Linus Torvalds <torvalds@xxxxxxxxxxxxxxxxxxxx> · Thu, 17 Jan 2008 11:11:27 -0800 (PST)

On Thu, 17 Jan 2008, Pedro Melo wrote:
>
> We have people using windows, people using Macs, and people using several
> flavors of Linux desktops. They all have different settings and if I add a
> file like áéióú that happens to be UTF-8 encoded, it will reach a iso-latin-1
> user as visual garbage.

Yes.

> git will track the file perfectly, we know that, because the sequence of 
> bytes that my system used to create the file will be the same on all 
> "sane" systems, but the file will look "funny" to some users, and we get 
> complaints for some less enlightened ones.
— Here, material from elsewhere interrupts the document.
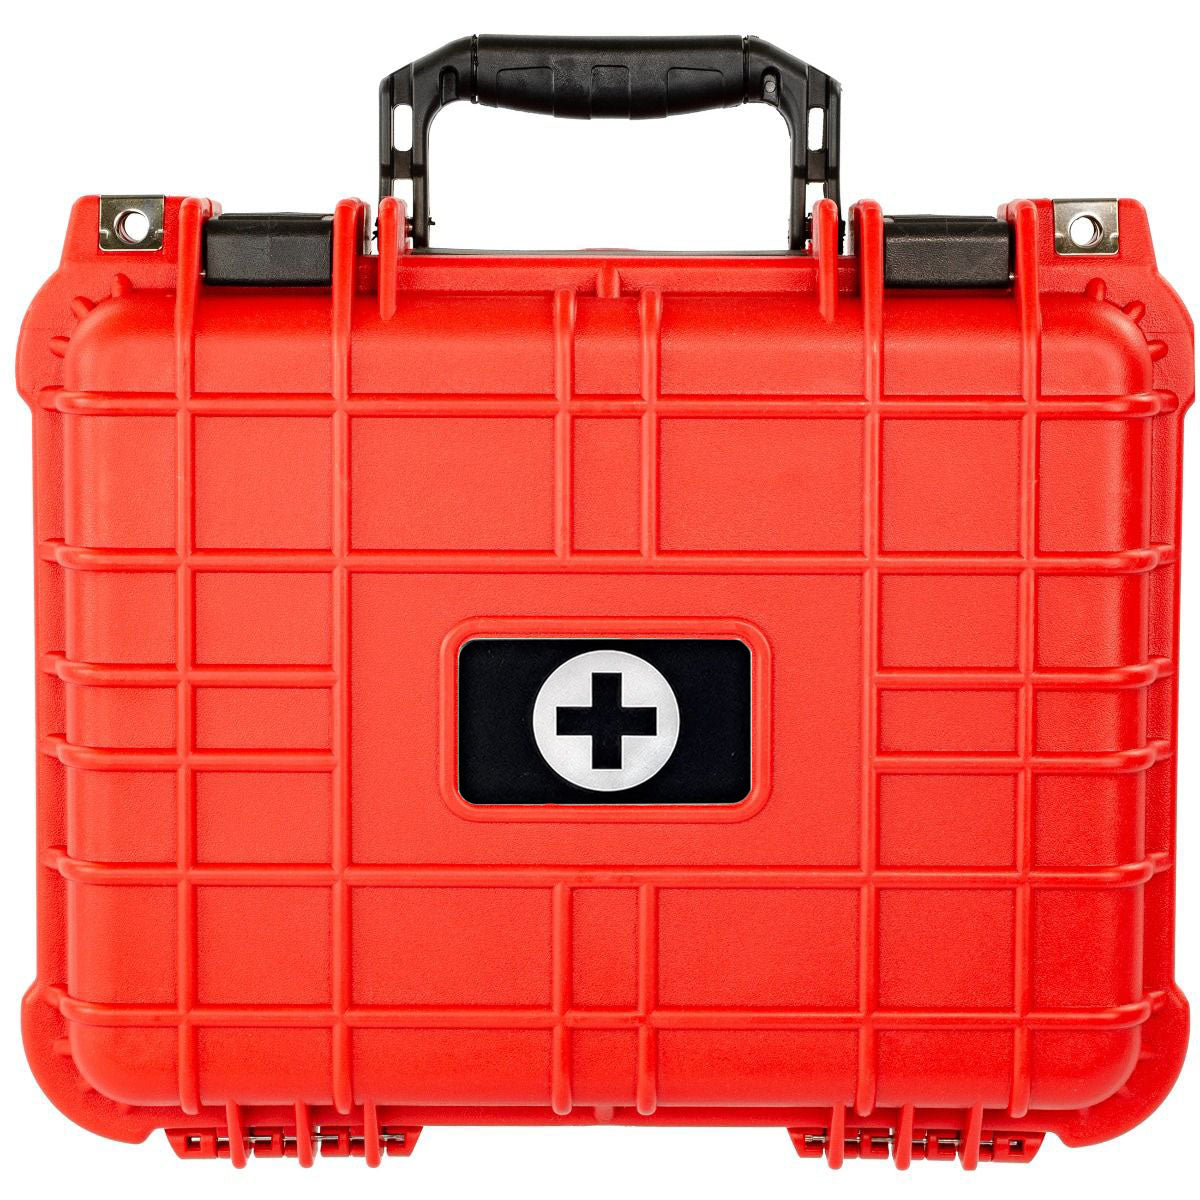 HARD MEDICAL CASE - Small

I can't really suggest anything else than trying to make everybody use 
UTF-8.

[ Not just for filenames, by the way - this is one of the reasons I think
  it is so *important* to not corrupt filenames, exactly because this is 
  in no way filename-specific at all, and filenames are generally "textual 
  data" exactly the same way a text-file is.

  But only totally insane people think that you should force-normalize 
  text-files, even though all the issues are obviously all the same 
  regardless of whether it's a filename or a word in textfile. ]
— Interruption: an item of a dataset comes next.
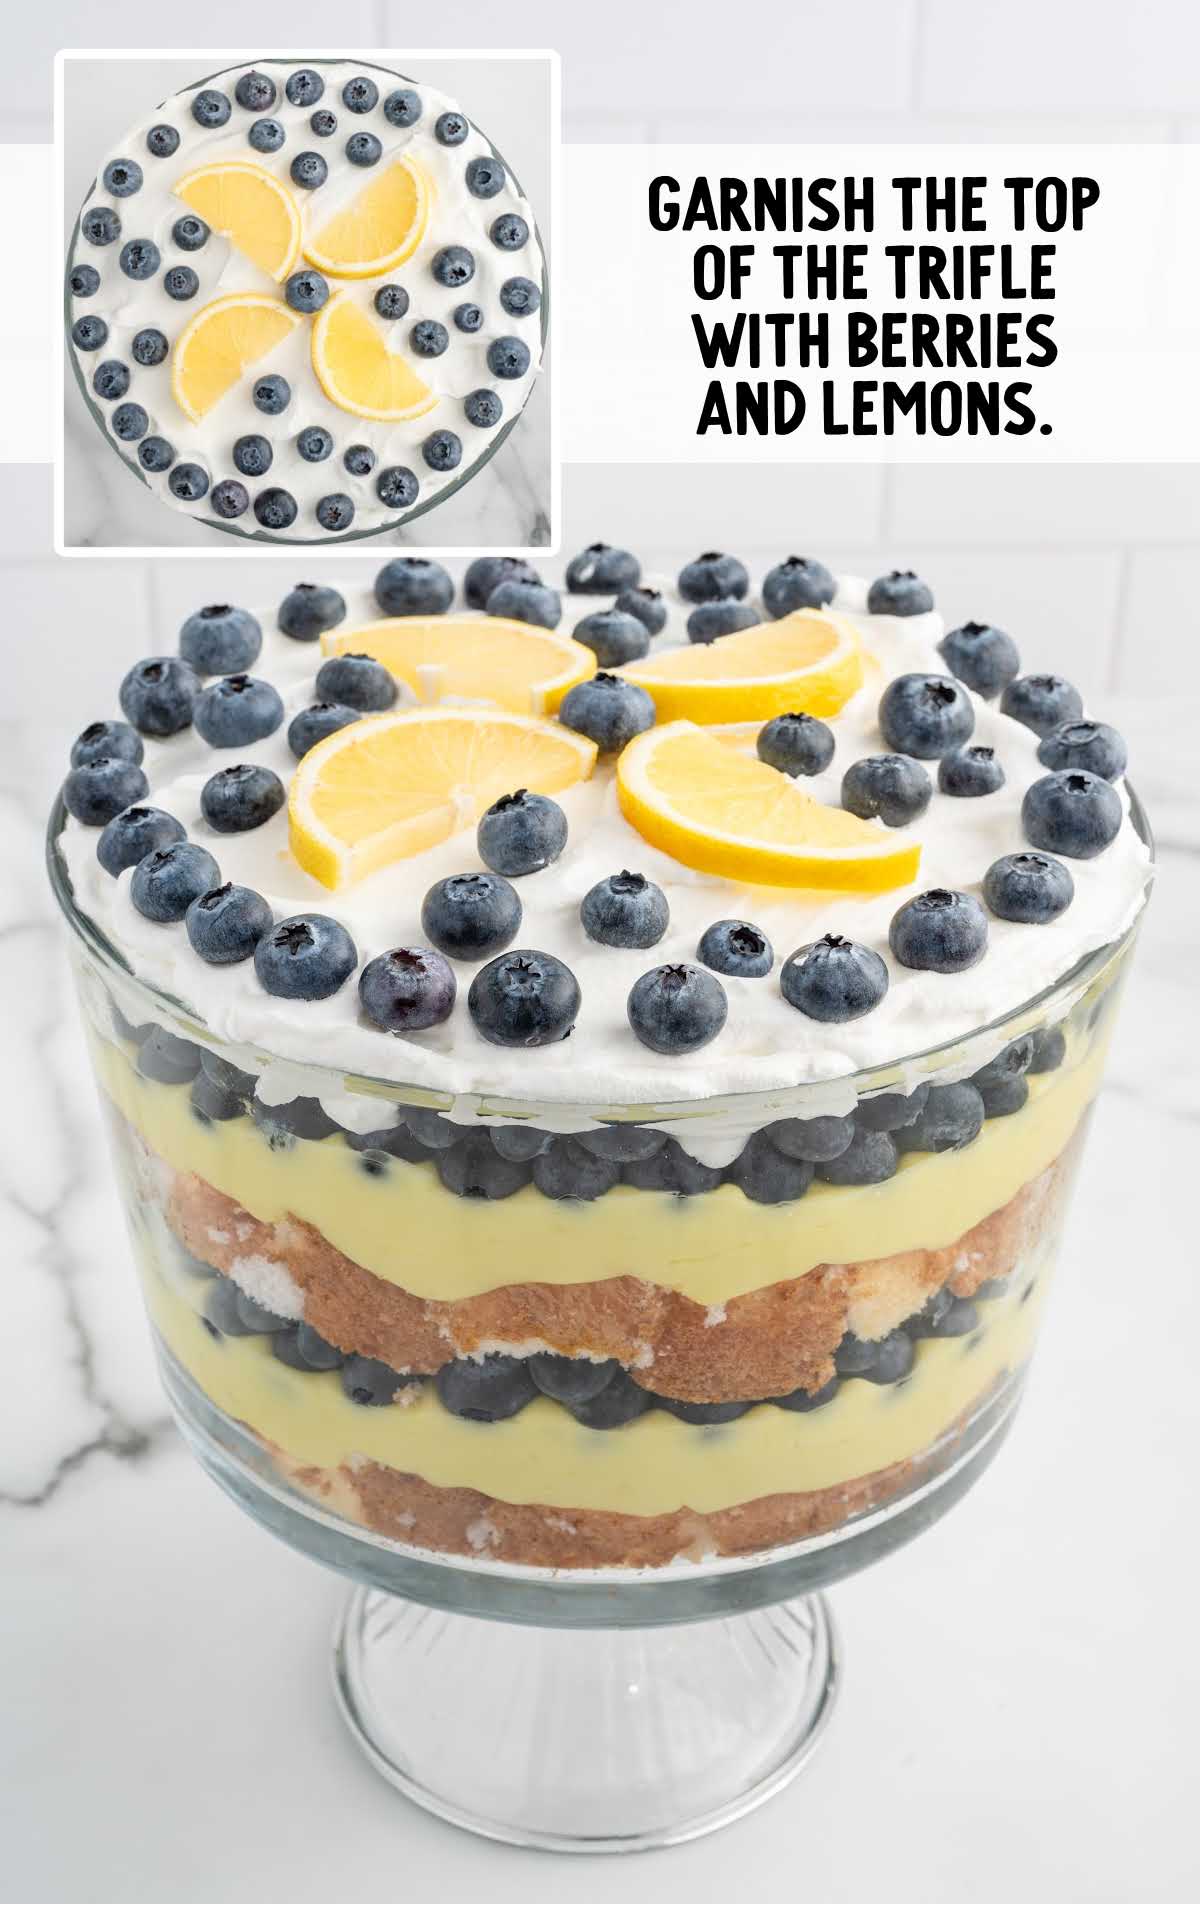 top of the trifle garnished with lemon slices and blueberries

And yes, I also realize that it's not going to be realistic. We're 
probably *closer* to that than we used to be, but I don't think you can 
even make Windows think FAT is UTF-8.

I don't know how NTFS works (I know it is Unicode-aware, and I think it 
encodes filenames in UCS-2 or possibly UTF-16, but there is an obvious 1:1 
translation to UTF-8, and since we use C strings, I'd assume/hope Windows 
actually uses that unambiguous translation for any filenames).

Under modern Linux and OS X, UTF-8 is basically the only way (older Linux 
distros may be set up for Latin1, but at least the newer ones seem to all 
default to a UTF-8 locale).

> The answer is that users should not create filenames with non-ascii characters
> if they want a consistent experience, right?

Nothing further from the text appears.